## [Stored data]
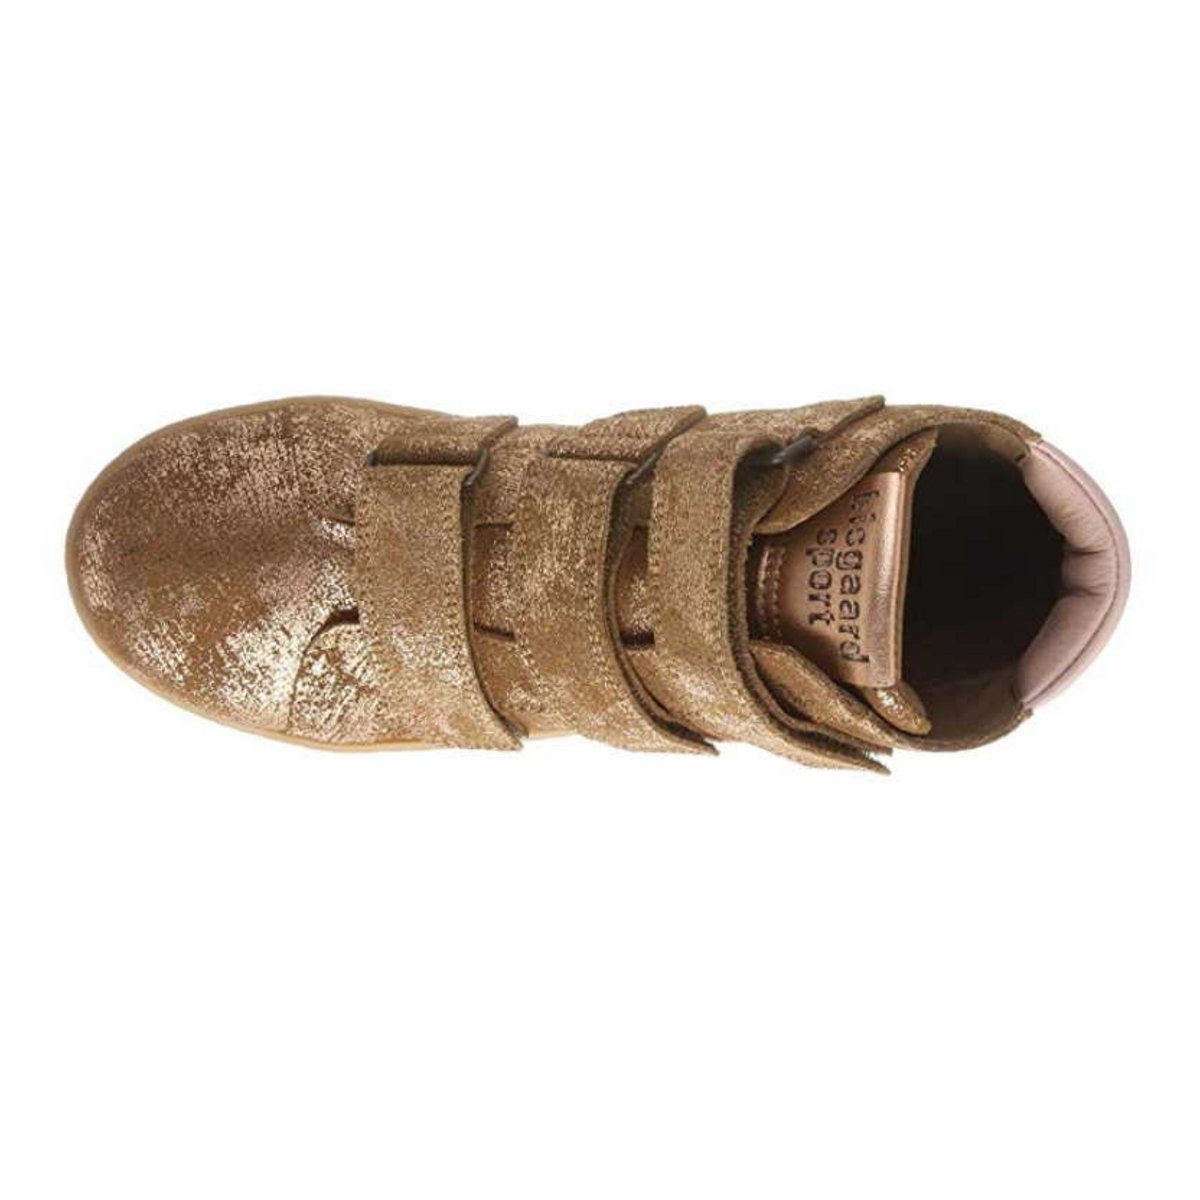 (1-tlg) Sneaker Bisgaard bronze
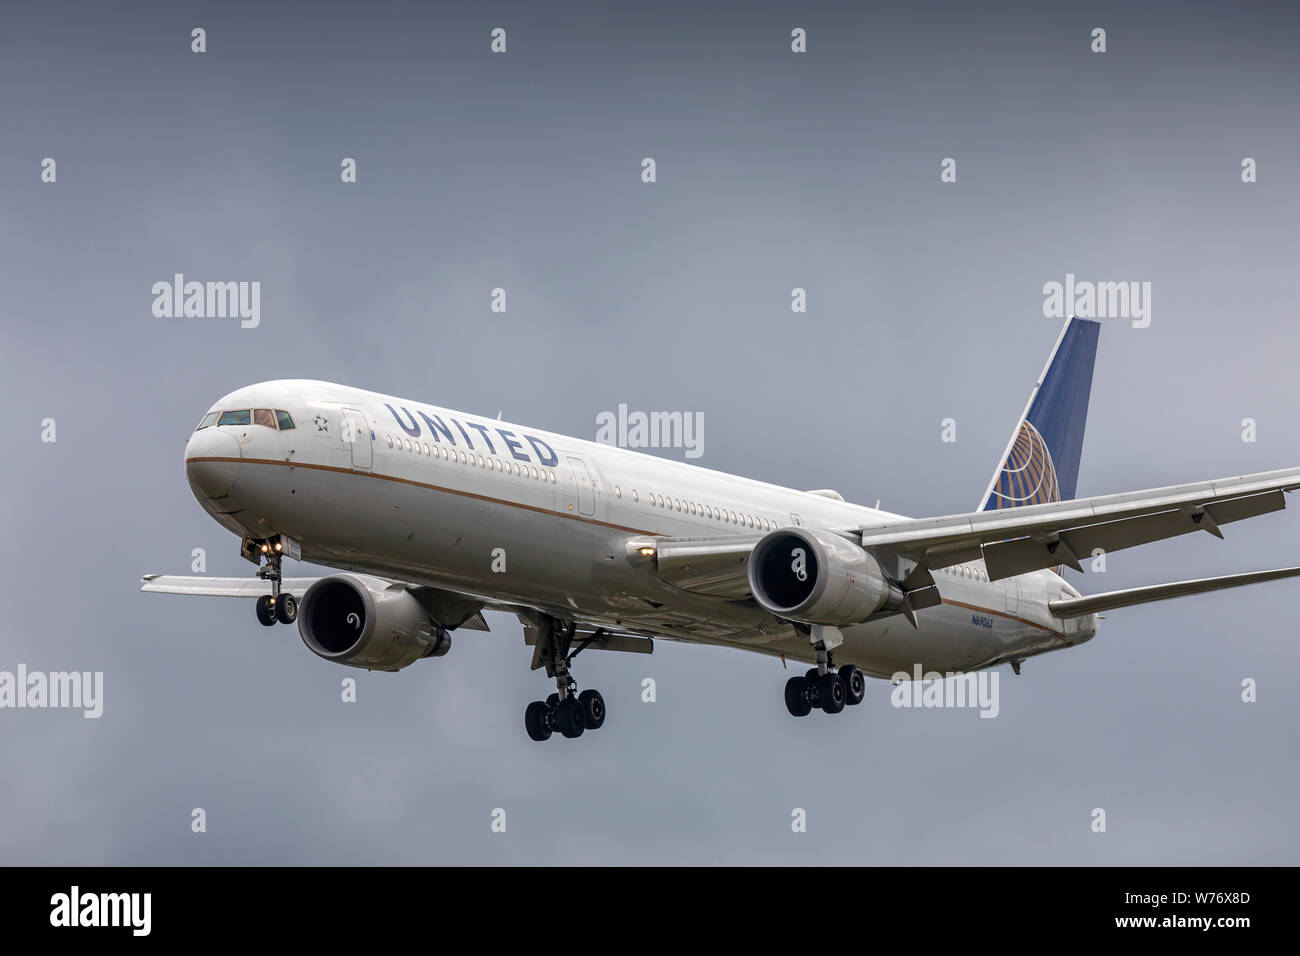 United Airlines Boeing 767 immatriculé N69063, à l'atterrissage le 2 août 2019 à l'aéroport d'Heathrow, Middlesex, Royaume-Uni Banque D'Images
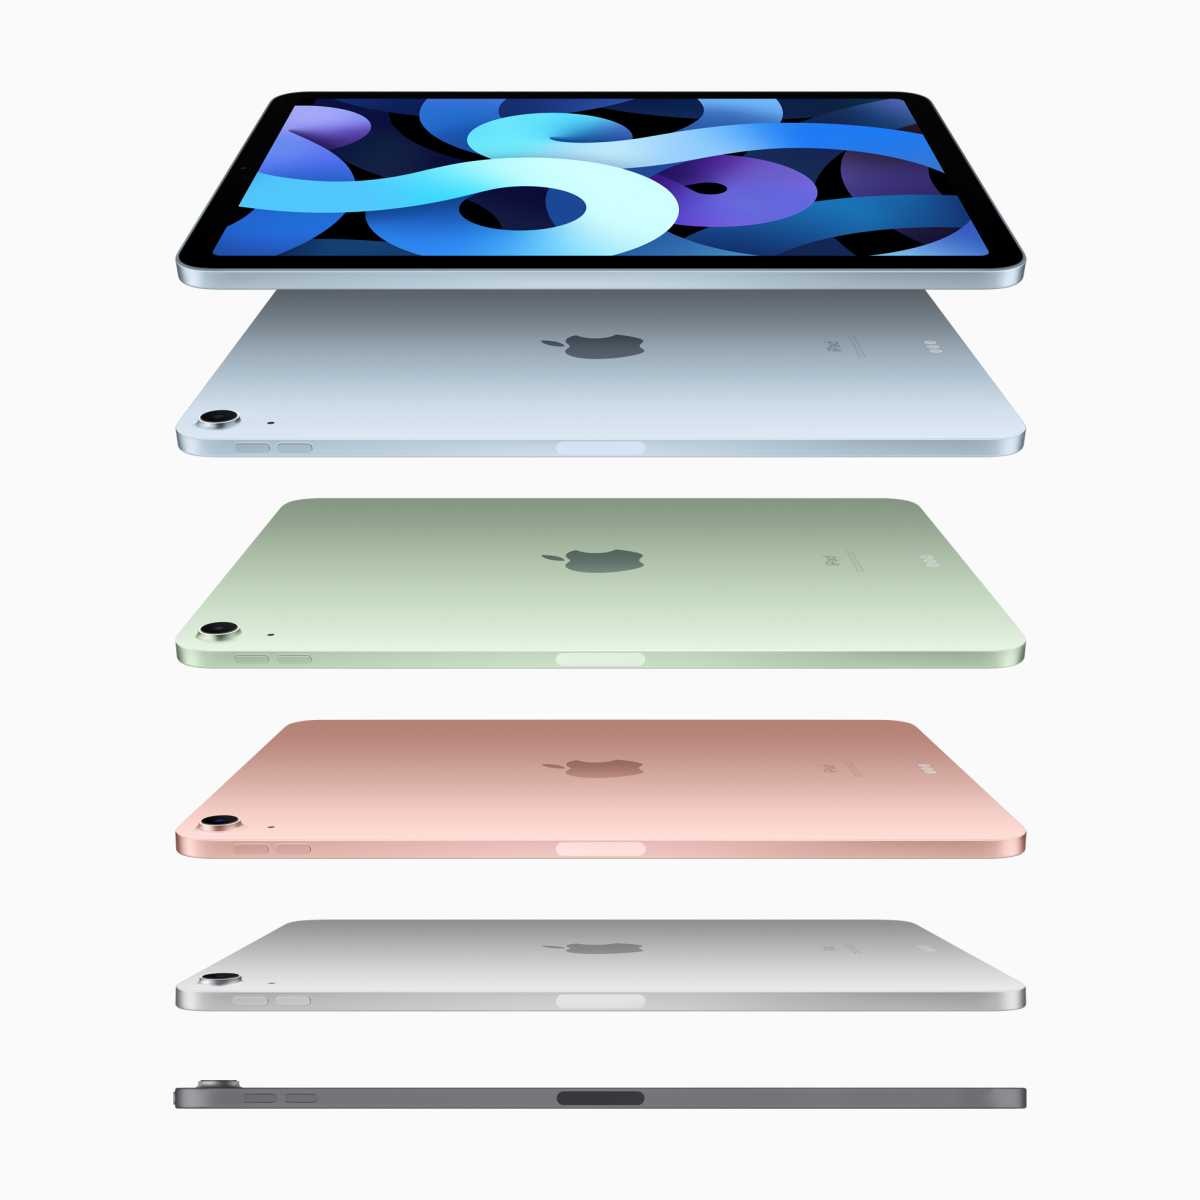 iPad (Pro) kaufen: Die besten Sparangebote im März 2023
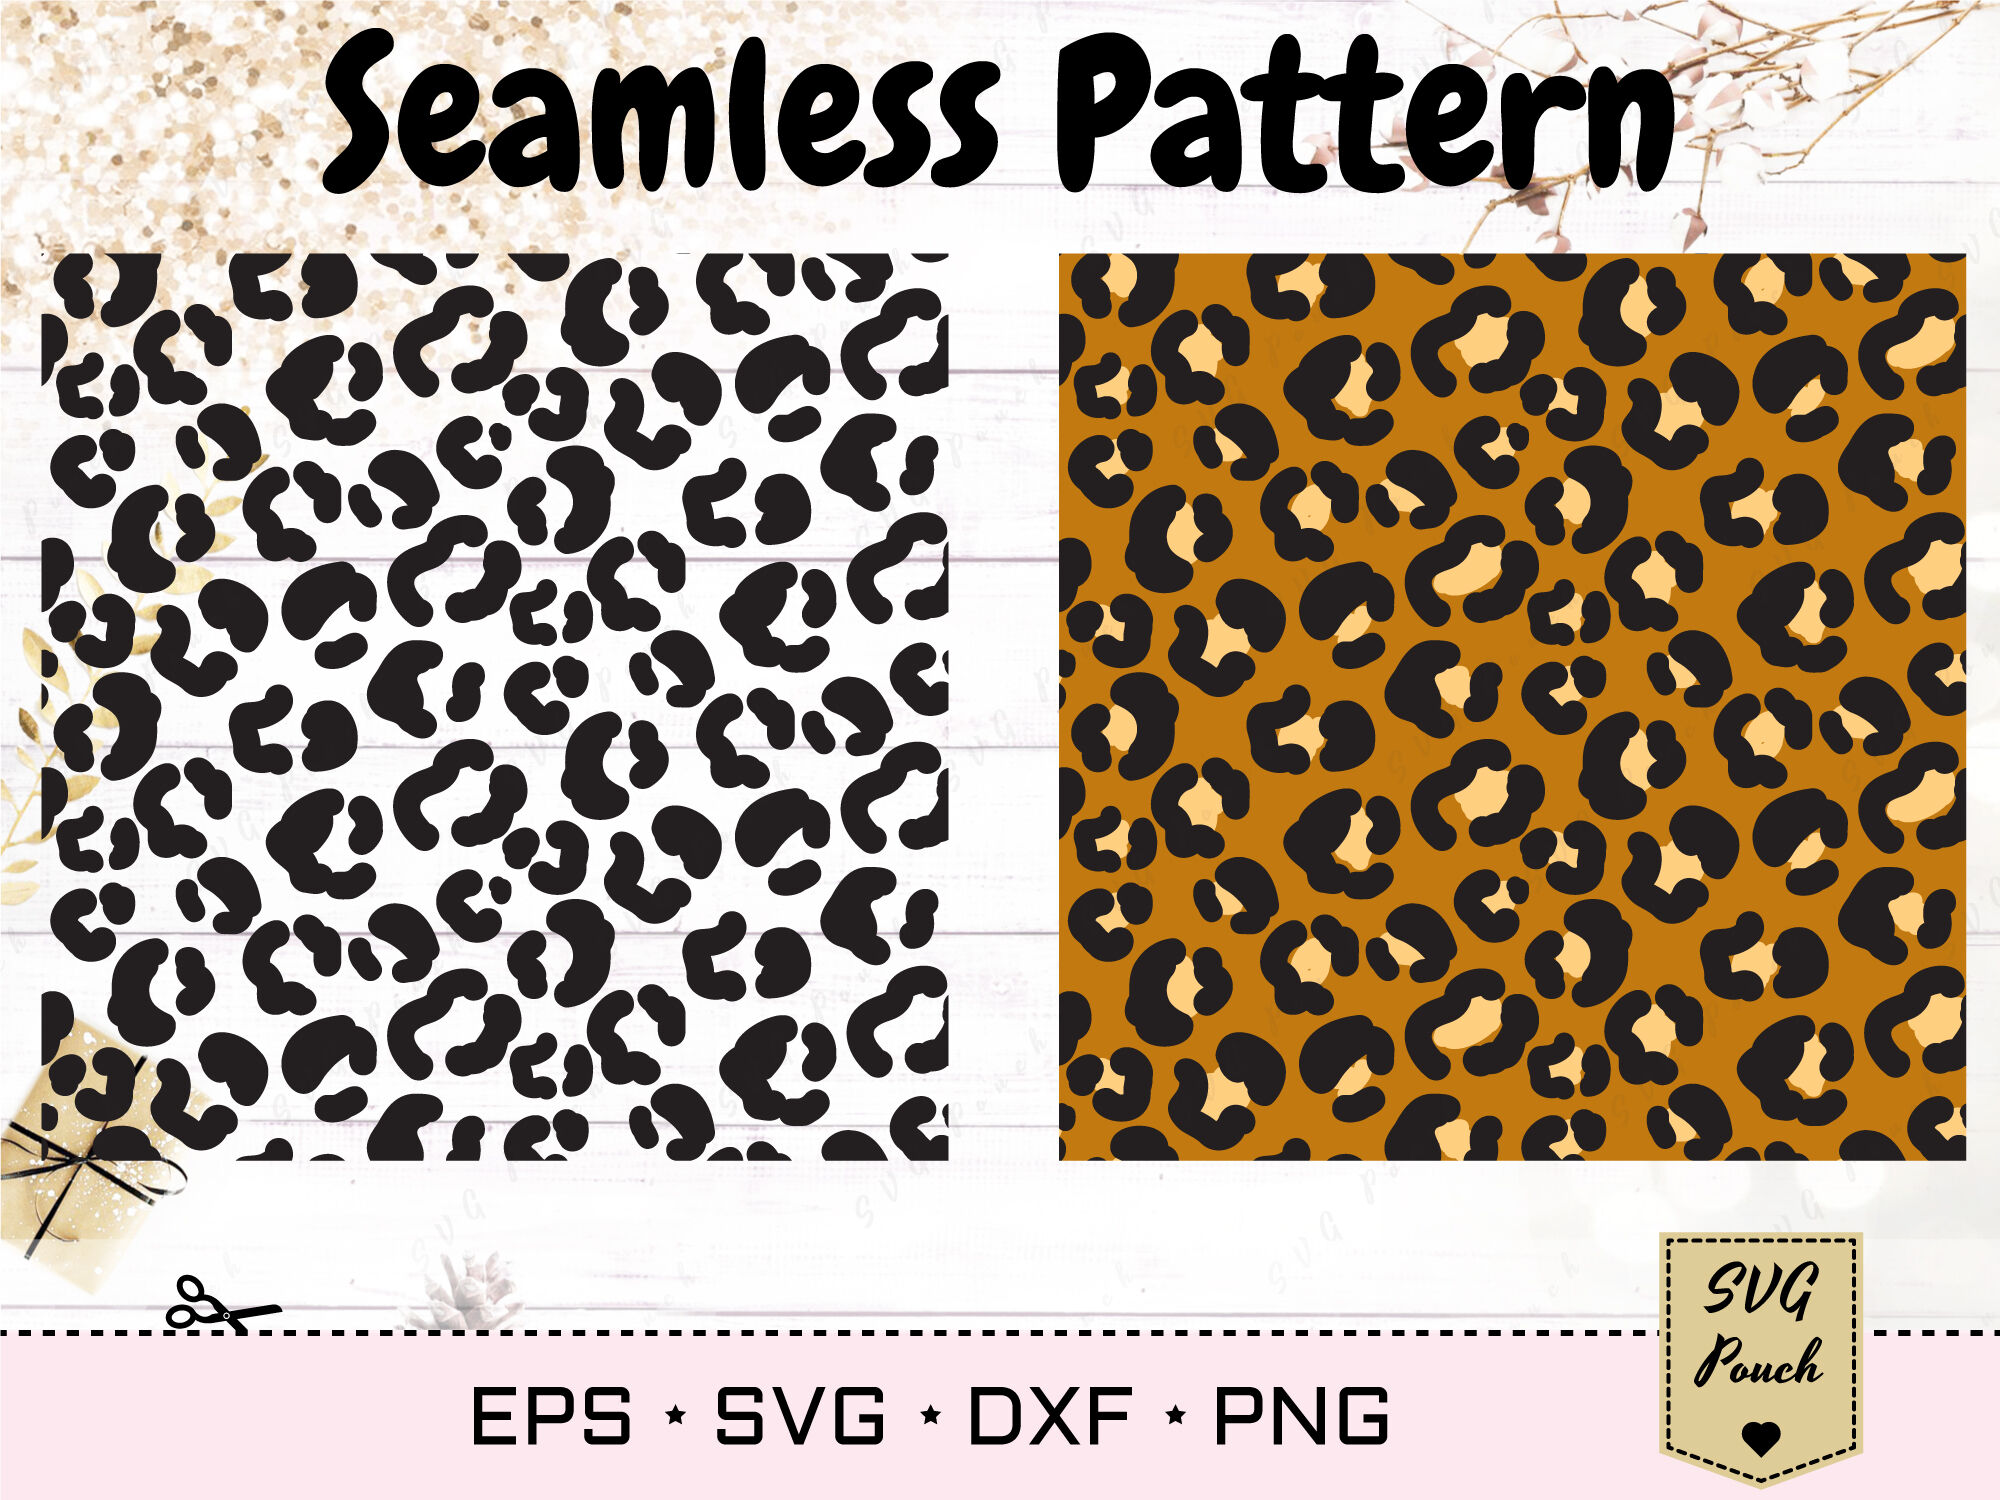 Seamless Pattern Cowboy Santa Leopard

## [What you need to do]
Copy out every line of the data above, taking care to leave the pictures out.

## [Response to this exercise]
 (1-tlg) Sneaker Bisgaard bronze
 United Airlines Boeing 767 immatriculé N69063, à l'atterrissage le 2 août 2019 à l'aéroport d'Heathrow, Middlesex, Royaume-Uni Banque D'Images
 iPad (Pro) kaufen: Die besten Sparangebote im März 2023
 Seamless Pattern Cowboy Santa Leopard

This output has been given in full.